Last week, the Huffington Post reported that McConnell, who will take over as majority leader in January, wanted to slip into a major government funding bill a measure that would give presidential and congressional candidates more leeway to coordinate their campaign spending with political parties. Right now, candidates for federal office can coordinate some of their election spending with the parties—but only up to a certain amount. (The limit ranges from tens of thousands to several million dollars, depending on the size of the state’s voting-age population.) Beyond that threshold, parties and candidates can’t coordinate their spending plans, and the parties must spend their funds independently of the candidates they back.
The existing rule is intended to prevent donors from using political parties to skirt legal limits on donations to candidates. As it stands, donors can give up to $5,200 every two-year election cycle to each candidate for federal office. But McConnell’s measure, if enacted, would create a massive loophole in that rule, says Fred Wertheimer of Democracy 21, a group that supports limits on money in politics. If McConnell gets what he wants, rich donors who hit the $5,200 limit could simply route further donations to candidates by giving to political party committees—which may accept far larger donations and could work directly with the candidates to ensure the money was spent as the donors intended. “The practical effort here is to repeal the limits,” Wertheimer says.

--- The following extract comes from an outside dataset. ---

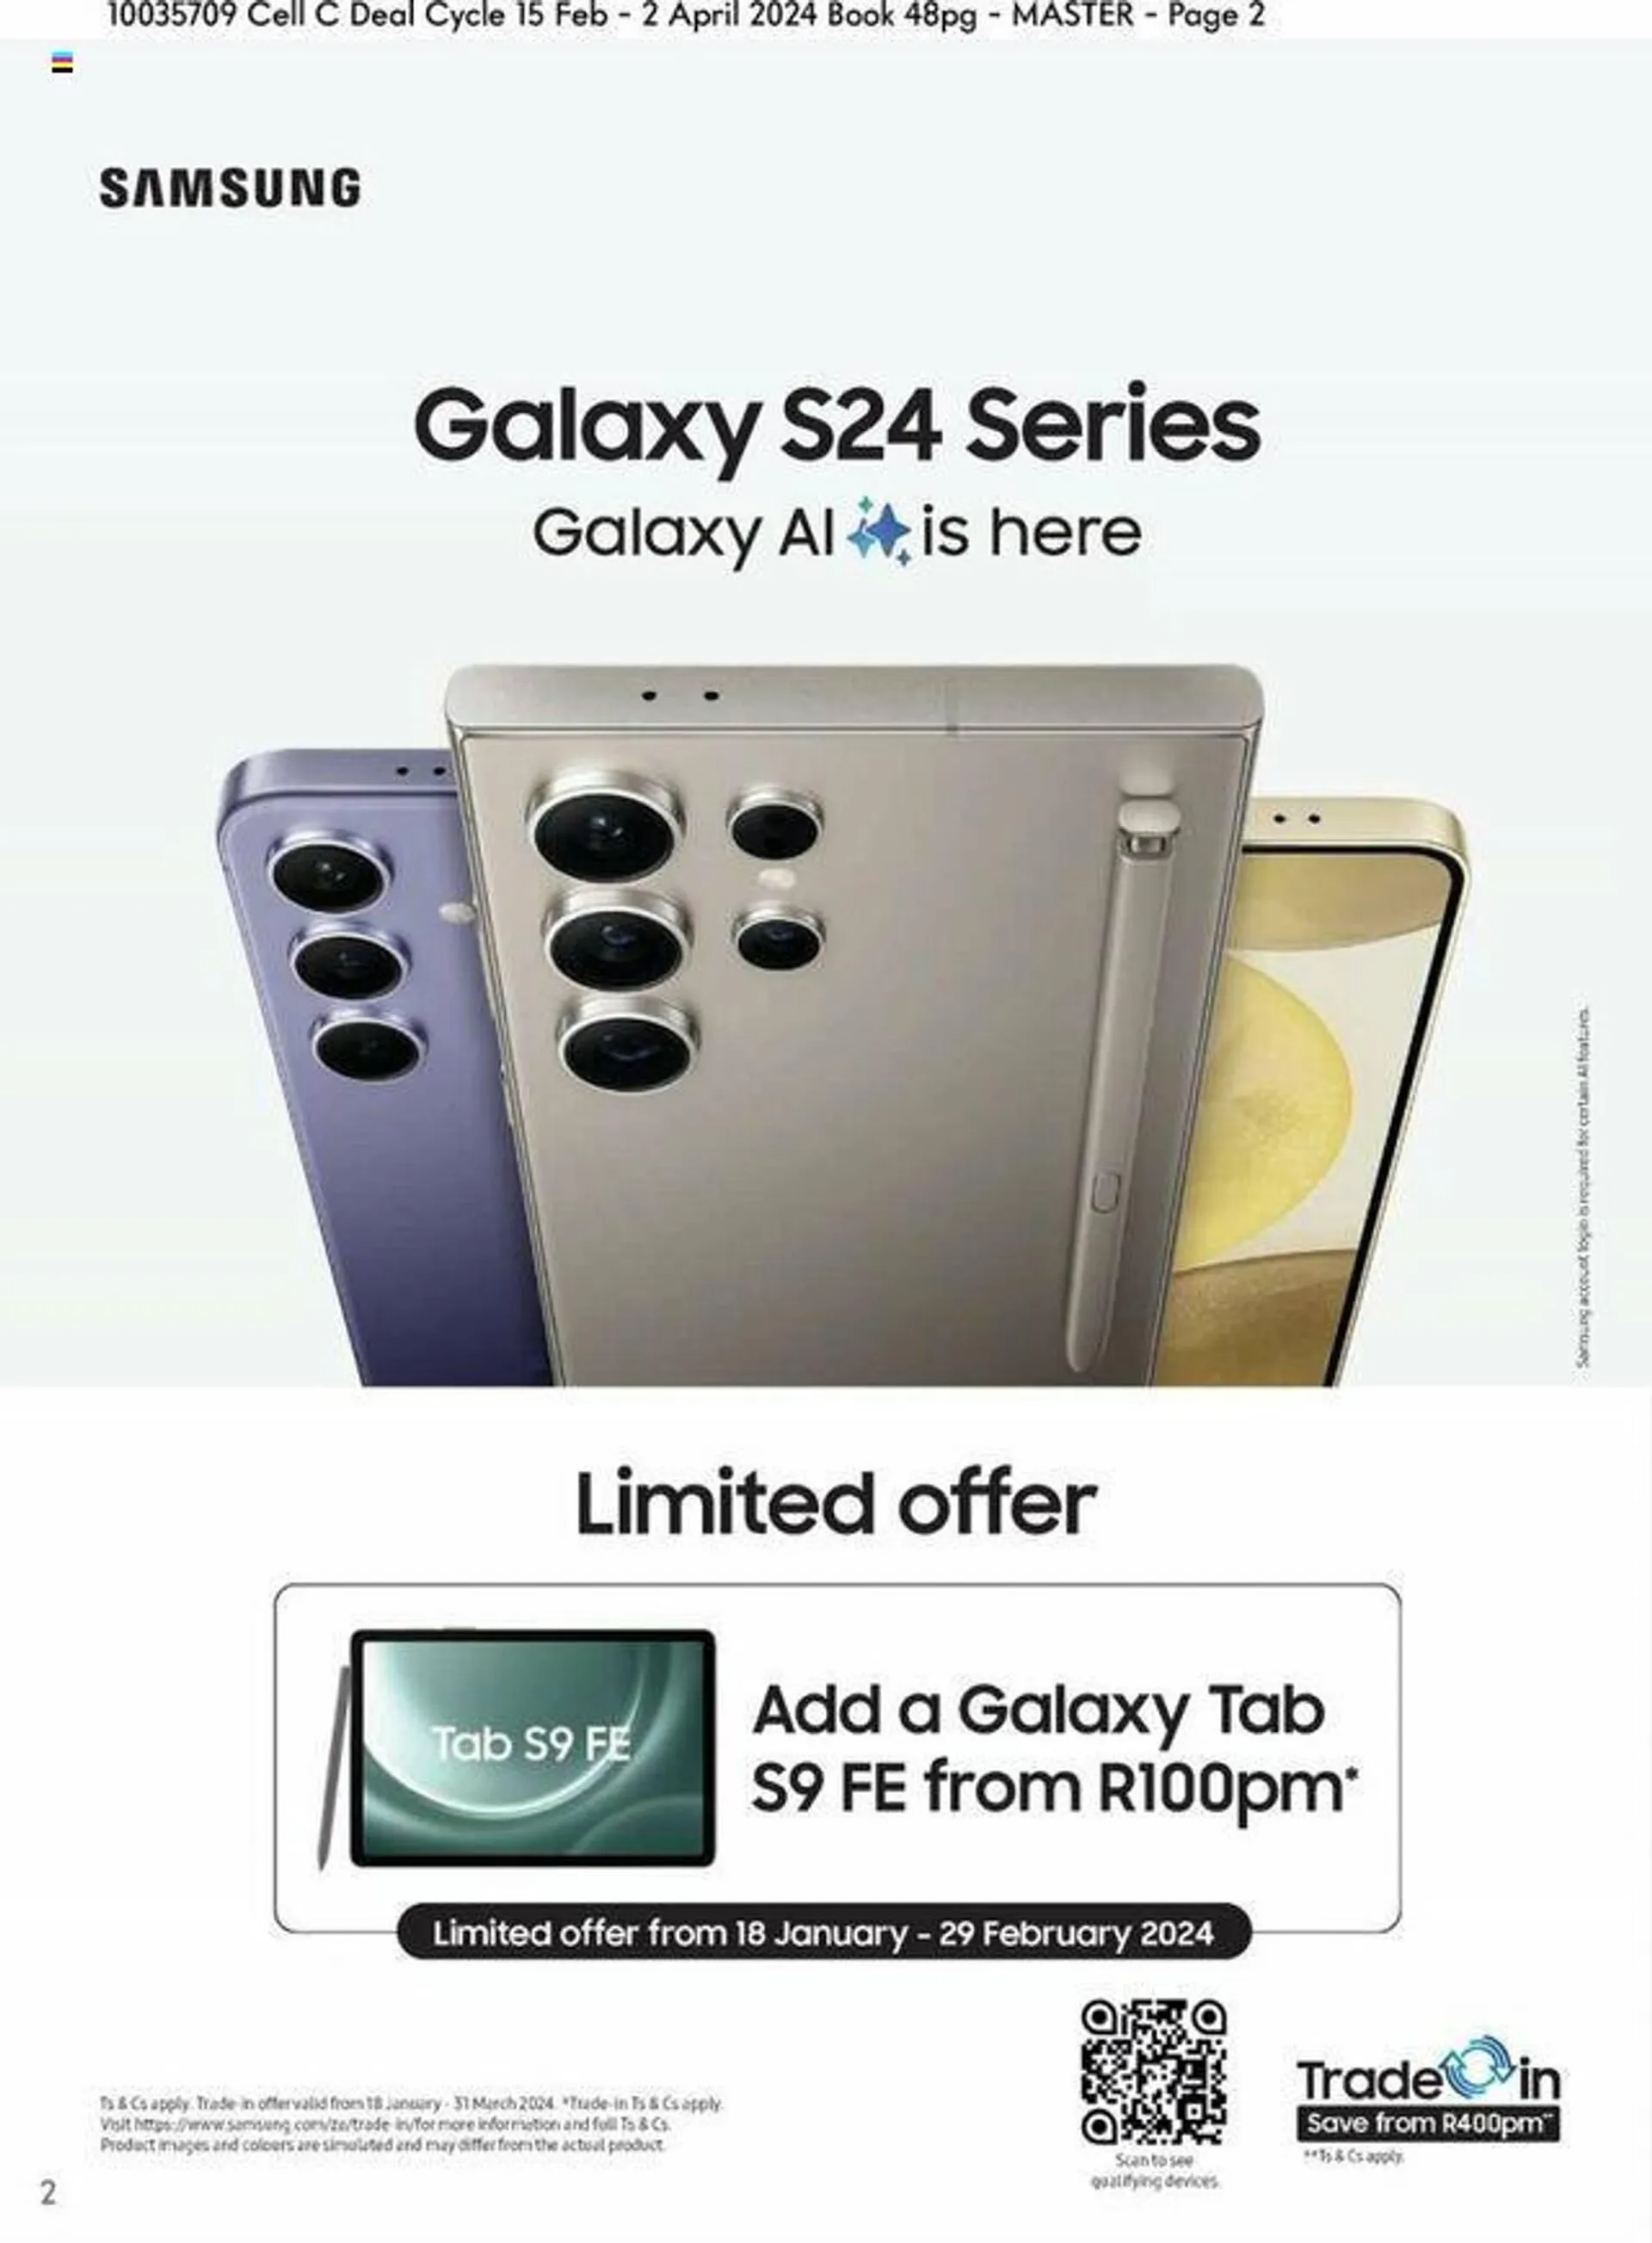 Cell C catalogue - 15 February 2 April 2024 - Page 2

McConnell has a broader plan here. Politico recently noted that McConnell is seeking to direct more big money to political parties, as opposed to outside groups such as super-PACs that in theory must remain independent of candidates. In a subsequent interview with Roll Call, McConnell suggested he might not force the issue, saying his proposal is “not on the agenda” but that the coordination limit he wants to eliminate is “an absurdity in the current law.”
That doesn’t mean the plan is dead. Should McConnell reverse course and attach this change to the budget bill, Reid’s office says the majority leader will block such a maneuver. “Reid strongly opposes and will fight against any efforts to include the McConnell [measure],” an aide in Reid’s tells Mother Jones.
House and Senate members hashing out the budget bill were expected to release a version of the legislation as early as Monday evening.